BlockBeats News, February 12 — QCP Capital client coverage head Elbert Iswara stated during a podcast that this bear market feels more like a liquidity reset rather than a structural collapse. Elbert described the current volatility as a sharp but not uncommon correction in history, with the rebound around $60,000 indicating that underlying demand still exists, especially from long-term holders and institutions.
Elbert believes that market direction is primarily driven by broader risk-avoidance sentiment, including liquidity tightening and changing interest rate expectations. Meanwhile, crypto-specific factors such as ETF fund outflows, derivatives position adjustments, and leverage liquidations have amplified this wave of volatility, making it faster and more intense.

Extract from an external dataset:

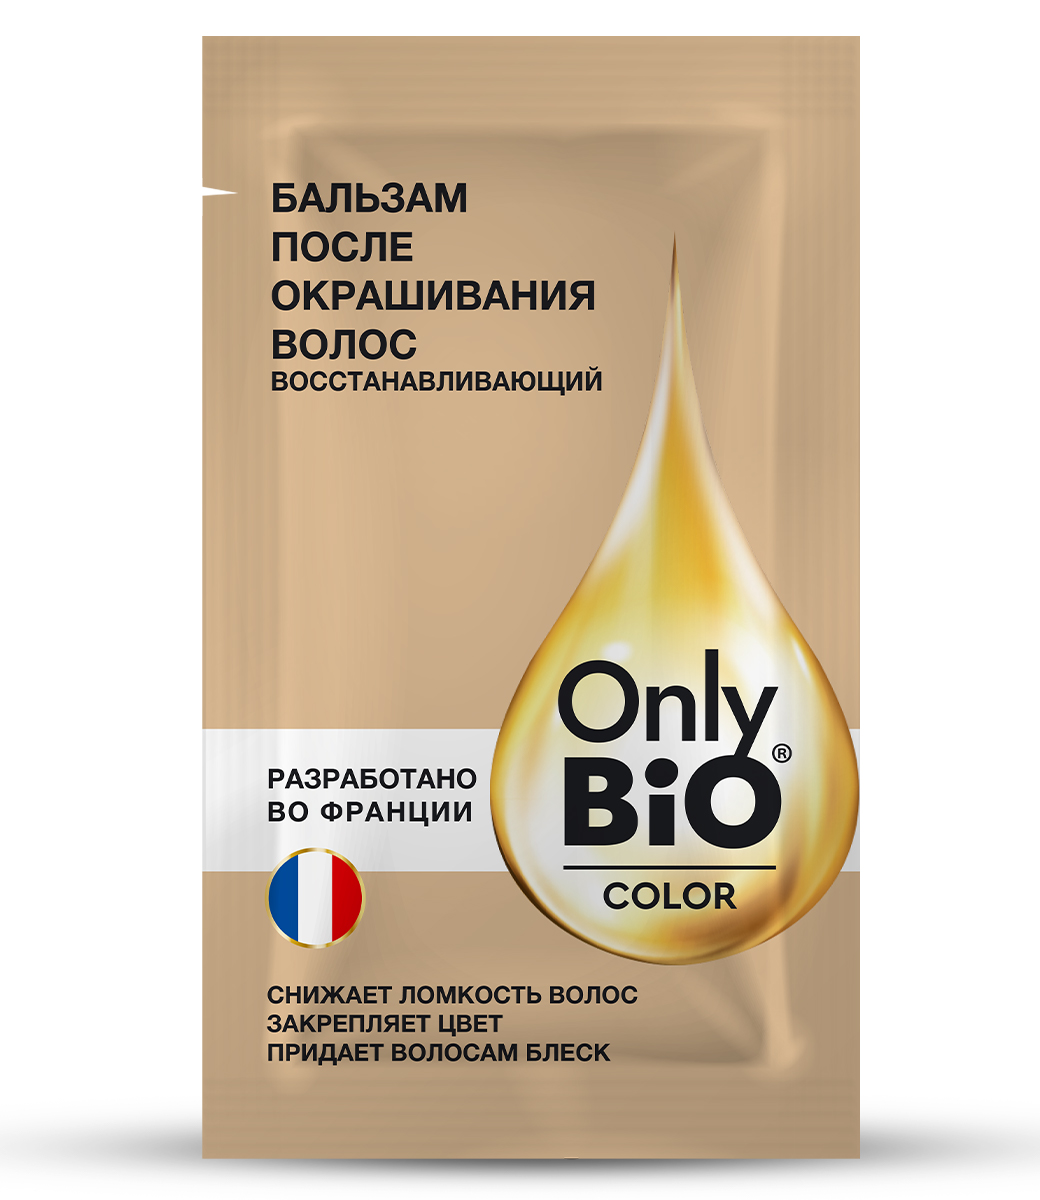 картинка Only Bio Стойкая крем-краска для волос Тон 5.46 Медно-рыжий

Currently, Bitcoin is trading as a risk asset sensitive to liquidity, especially during tightening or stress cycles. Elbert pointed out that this does not negate its narrative as a store of value, but it does mean investors should not expect it to hedge in every sell-off. Bitcoin remains a hybrid asset, with its role shifting according to macro cycles.
Elbert emphasized that, in the short term, several narratives and indicators are more important:
- Key price levels and positions: The $60,000–$65,000 range remains a significant psychological and technical zone, with low liquidity potentially amplifying overextension risks.
- ETF fund flow continuity: Whether outflows persist or stabilize will influence short-term price behavior, especially in choppy markets.
- Leverage and liquidations: Rapid liquidation of crowded positions often magnifies sharp movements.
- Correlation patterns: Bitcoin’s correlation with stocks tends to increase during risk-avoidance periods and recede once macro pressures ease. The key is how quickly this decline occurs.
Elbert stated that in the short term, investors should view Bitcoin as a macro-sensitive, high-beta asset and manage risk exposure accordingly. From a long-term perspective, the true drivers of value are adoption rates, market structure maturity, and whether institutional participation can stabilize over cycles.